Glycosylation and cross-linkage of cardiac myosin in diabetic subjects: a post-mortem study.

We have investigated the possibility that post-translational modification of myosin by protein glycosylation and cross-linking occurs in cardiac myosin. Left ventricular muscle was obtained at post-mortem from 6 diabetic and 7 non-diabetic subjects. Myosin was extracted from muscle and purified using Sephadex chromatography followed by protein concentration. Glycosylation was estimated using boronate affinity chromatography with the myosin dissolved in a pyrophosphate buffer, the glycosylated myosin being displaced with sorbitol.
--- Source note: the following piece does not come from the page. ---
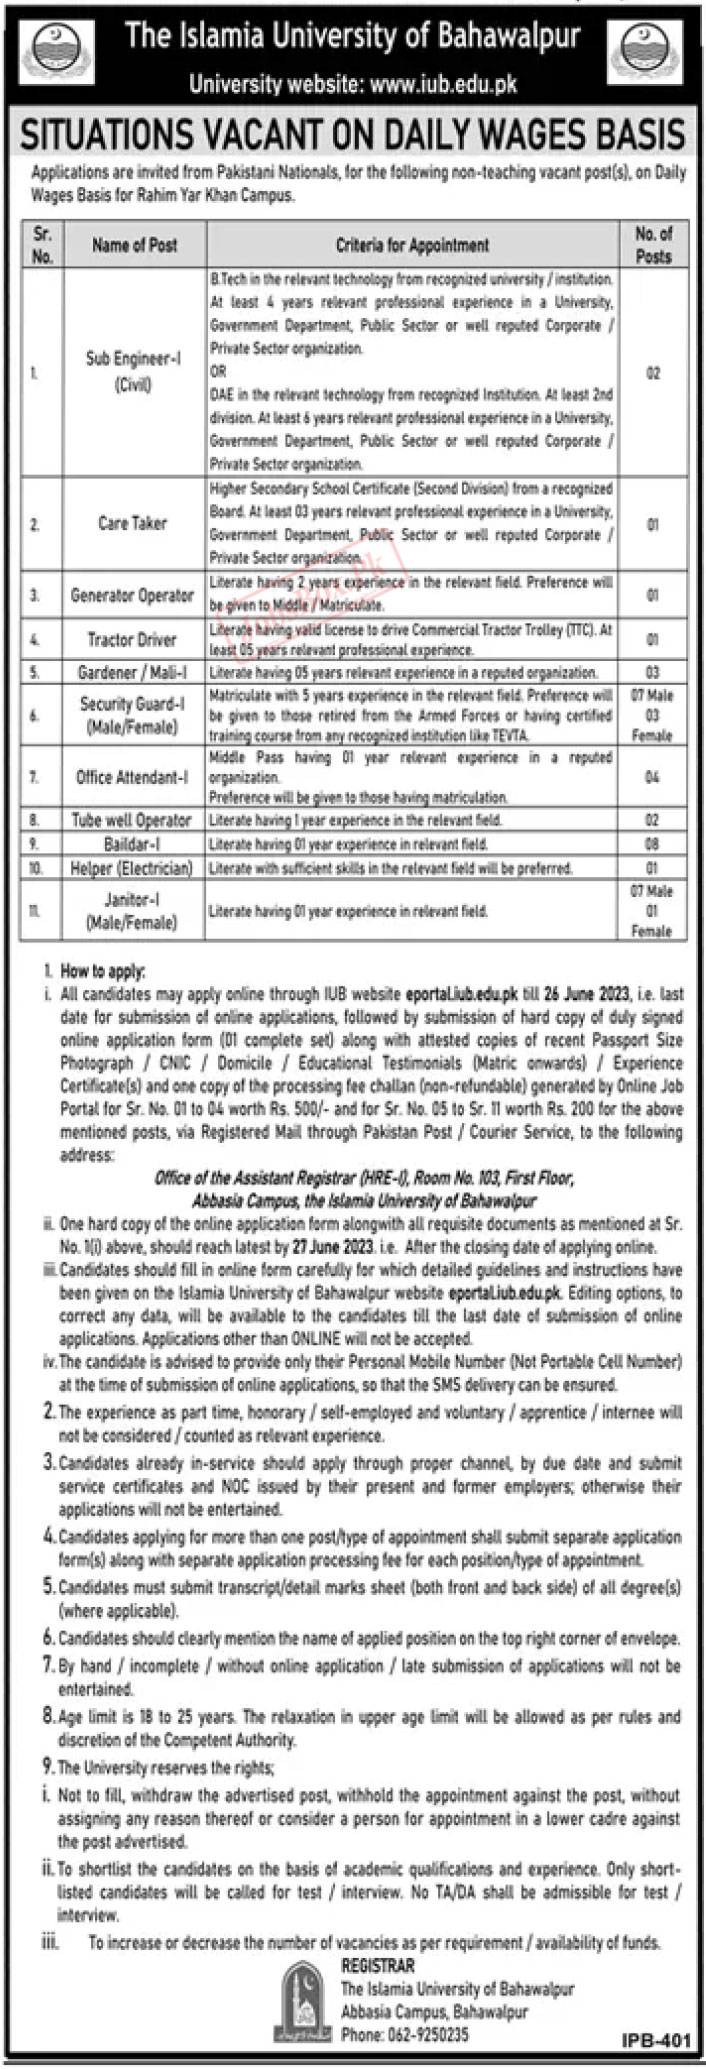 Islamia University of Bahawalpur IUB Jobs 2023 Apply at IUB Online Job Portal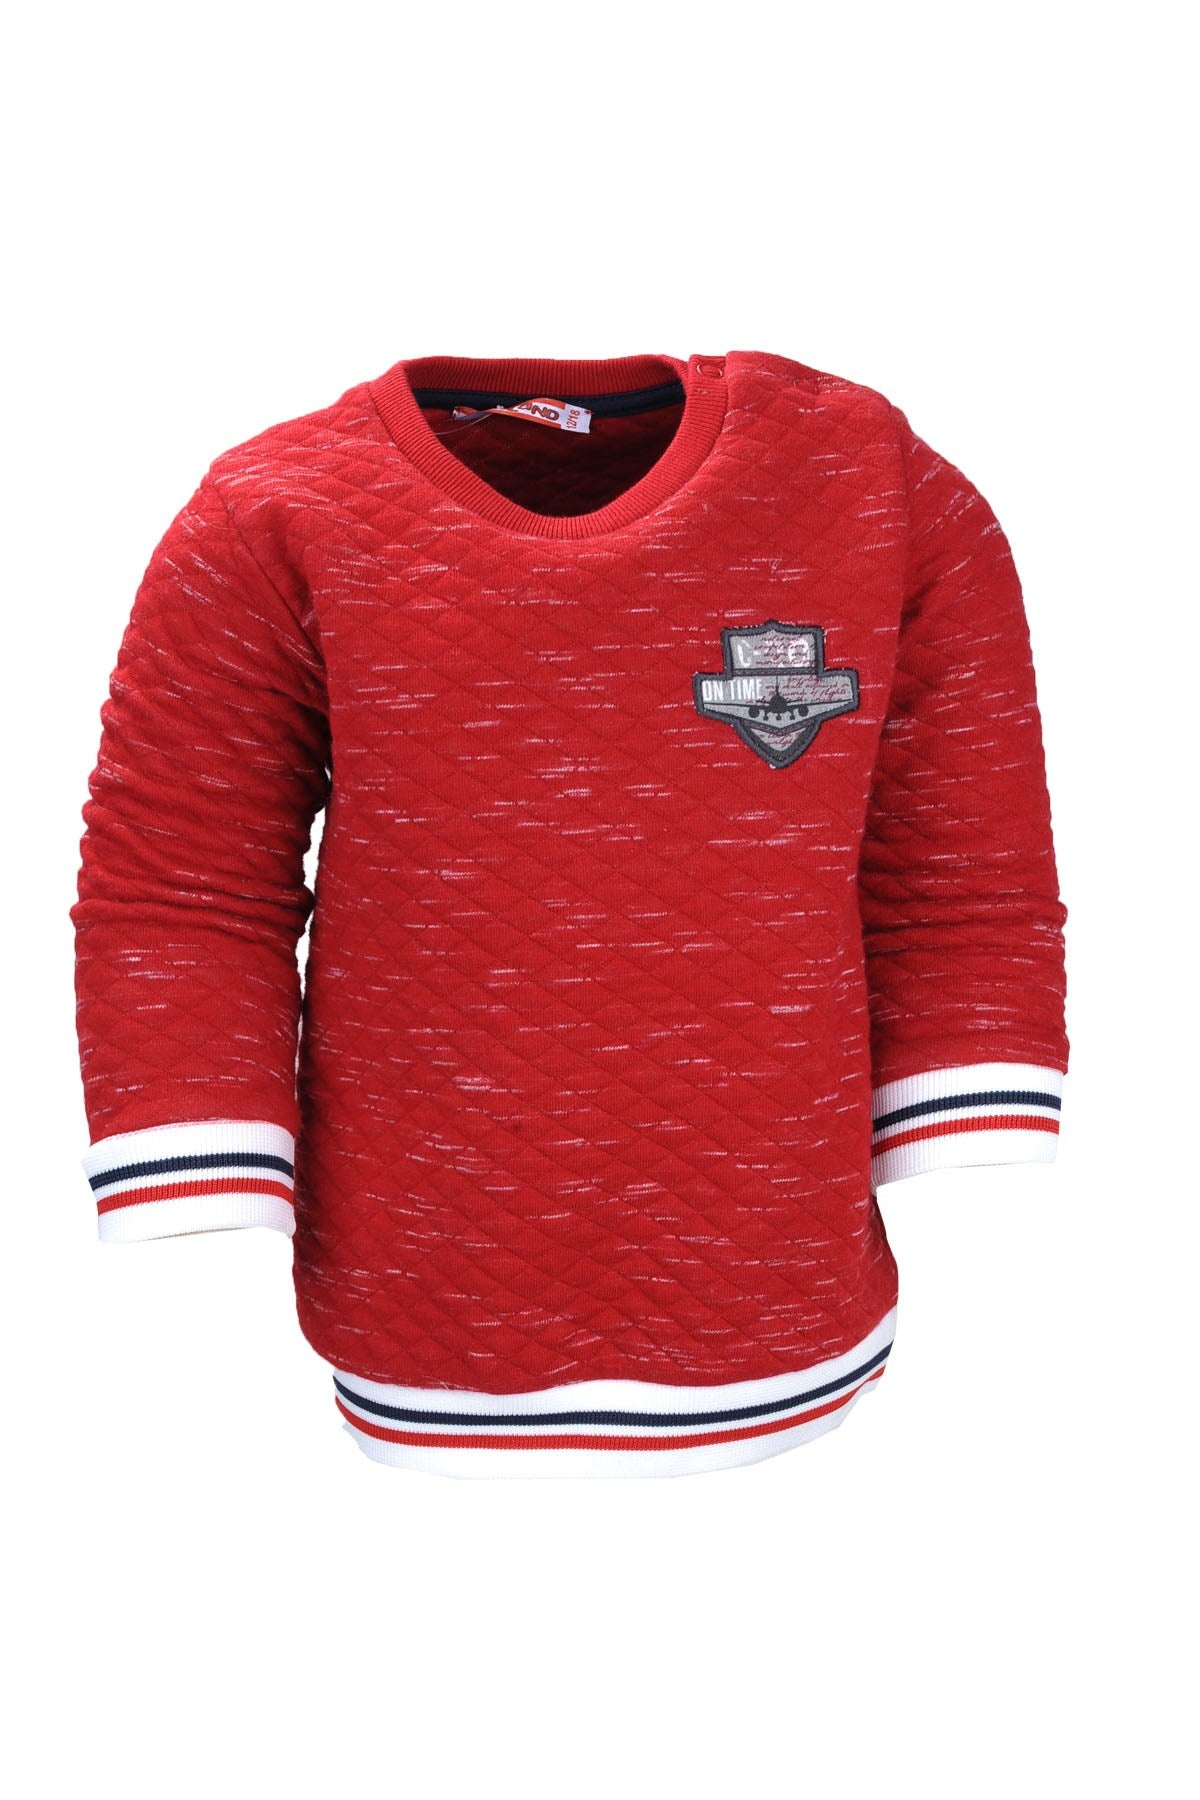 Erkek Bebek Kırmızı Sweatshirt (9ay-4yaş)-0

Cross-linkage was assessed by fluorescence at 440 nm upon excitation at 370 nm. Diabetic subjects had significantly higher levels (p less than 0.02) of glycosylated myosin (median 6.0% (range 3.8-6.6%] than non-diabetic subjects (median 2.4% (range 0.3-4.2%] but there was no difference in the degree of cross-linkage as assessed by fluorescence (diabetic median 9.8 (range 6.5-17.0) arbitrary units; non-diabetic median 9.7 (range 6.0-11.4) arbitrary units). Glycosylation of left ventricular myosin may be of relevance to the excess risk of congestive cardiac failure in diabetic patients.